Another option is to detect subjectivity in the text along with concepts this sentiment is related to. This was successfully applied tested by Godbole et al. in **[2]**.

Nielsen et al. in **[3]** tried to built a system for real-time monitoring of sentiment in company related articles. While Zhou et al. investigated the question of neutrality comparison of articles in different languages in **[4]**. In particular, articles about recent wars were considered.

#### Who cares and why? Summary.
1. Wikipedia society: Wikipedia articles should be written form a neutral point of view ([NPOV](https://en.wikipedia.org/wiki/Wikipedia:Neutral_point_of_view)). Conflict of interests should be detected and biased articles should be fixed.

2. Authors: Authors want to create such a high-quality content.

3. Readers: Readers want to read neutral articles to get information, not opinions.

4. PR department of company or public person: Companies want to track attitude of society to them & their products.

Moreover, developed in a modular fashion, such a system can be scaled to API of other information sources, like Google Search.


## Problem formulation (ML task)
Given a set of $n$ texts (articles) $\{t_i | i=\overline{1;n}\}$ related to certain query, built a ranking of these texts by sentiment strength $\{j-th\text{ rank}:\hat{t_i} | j=\overline{1;n}\}$.

In context of Machine Learning this is a classsical regression problem: for the text one should predict sentiment score from $s_{-}$ - minimum possible negative score indicating strongest negative sentiment, to $s_{+}$ - maximum possible positive score indicating strongest positive sentiment, $0$ - absolutely neutral text. I.e. $|s|$ represents sentiment strength, while $sign(s)$ corresponds to positive or negative sentiment polarity. 

## Approach to Solution
### Pipeline

![Solution pipeline](./img/pipeline_full.png "Solution pipeline")
Figure 1. Solution architecture

High level pipeline of the proposed solution can be described in steps as follows:
1. Query is received from  user and passed to the next step.
2. Wikipedia articles relevant to the query are retrieved through Wiki API in batches. Article text is cleaned from markdown symbols and irrelevant information. Each batch is written to the output folder.
3. In parallel, batches of retrieved articles are read by scorer module and sentiment score is evaluated for each article.

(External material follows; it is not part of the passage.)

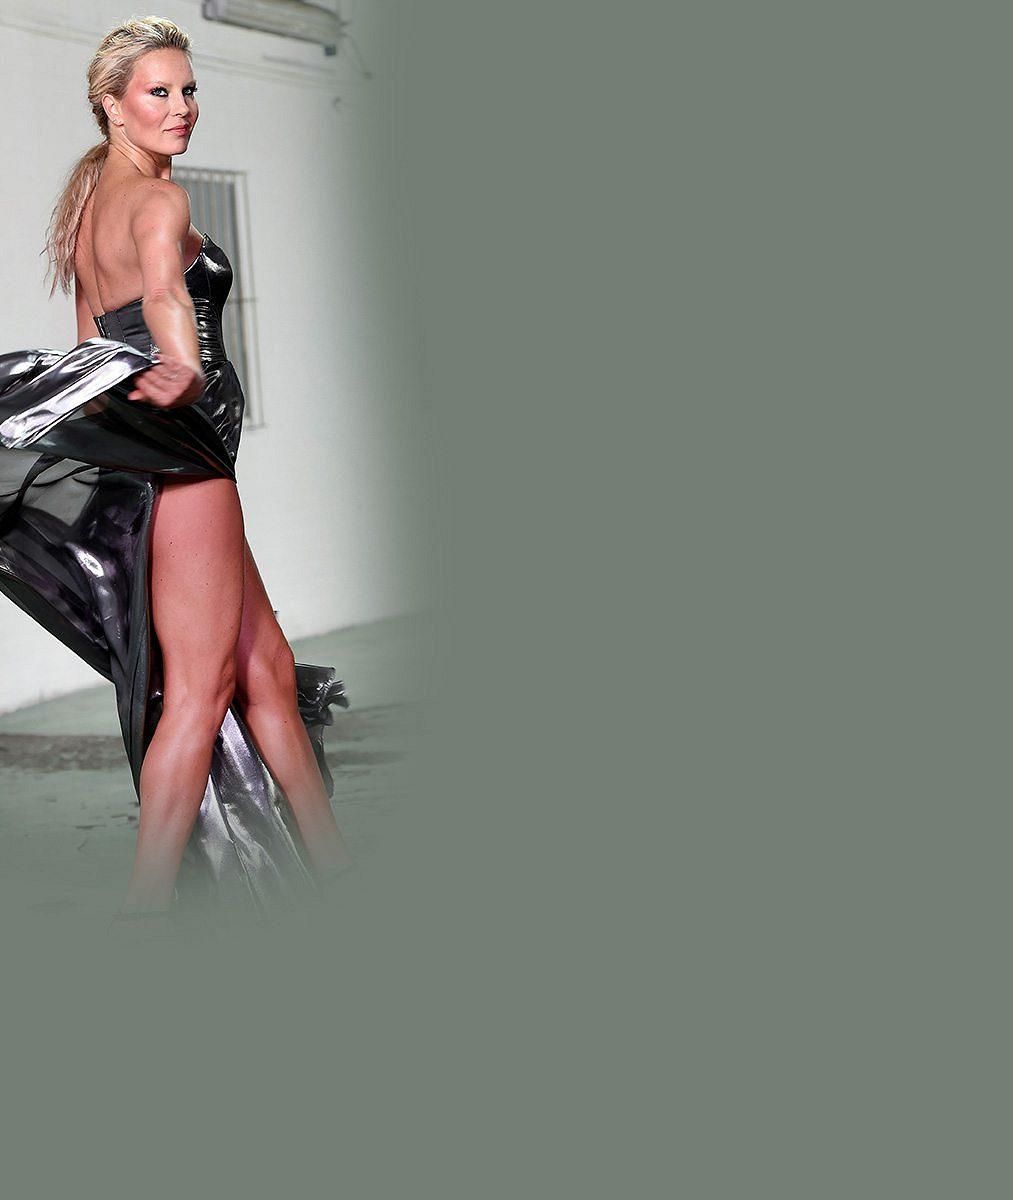 Nohy snů v pidi kraťáscích nemá zadarmo: Neuvěříte, co Simona Krainová dělá, aby po čtyřicítce vypadala dokonale

Results are written by batches as well. 
4. UI part reads new scoring result batches and updates ranking that is displayed to user.




### Wiki_reader 

This module allows to retrieve articles relevant to a query from Wikipedia via Wiki API. 
`pywikibot` library is used for interaction with API. Results are written in json by batches.


### ML module

Two different approaches were considered: vocabulary- and rule-based sentiment analysis.
This way it is possible to compare results and choose the best one or combine them for even better results. 

Each approach has its' own advantages and drawbacks. These can be summarized as follows:

### 1. VADER - Valence Aware Dictionary and sEntiment Reasoner
As mentioned in the original paper [5] by Hutto et al. this scorer was developed based on social media text analysis. however, it is successfully aplicable to more formal texts like articles and news. Especially, if one aims to detect simple language structures that are expressing positive or negative sentiment. 

Detecting clear signs of the subjective opinions in Wikipedia articles is in the field of our research interest. Thus, we decided to utilize this approach. Its' advantages and disadvantages can be summarized as follows:
#### Pros:
+ Developed for social media, but well applicable to other formats - news, articles.
+ Considers  negations and other complex language structure in a text.
+ Good results for simple subjectivities - can be used as a baseline, or first step method as a rough estimator.
+ Easy to use.
+ Works faster.

#### Cons:
- Rule-based approach misses everything out of rules. In addition, complex language structures, like irony are missed.
- Isn’t possible to determine what exactly is negative: sentiment or concept. E.g. 


### 2. Model-based - Logistic regression 

In sentiment analysis of complex natural texts there is a common problem. Problem of separating subjective opinions related to concept from negative concepts described neutrally. 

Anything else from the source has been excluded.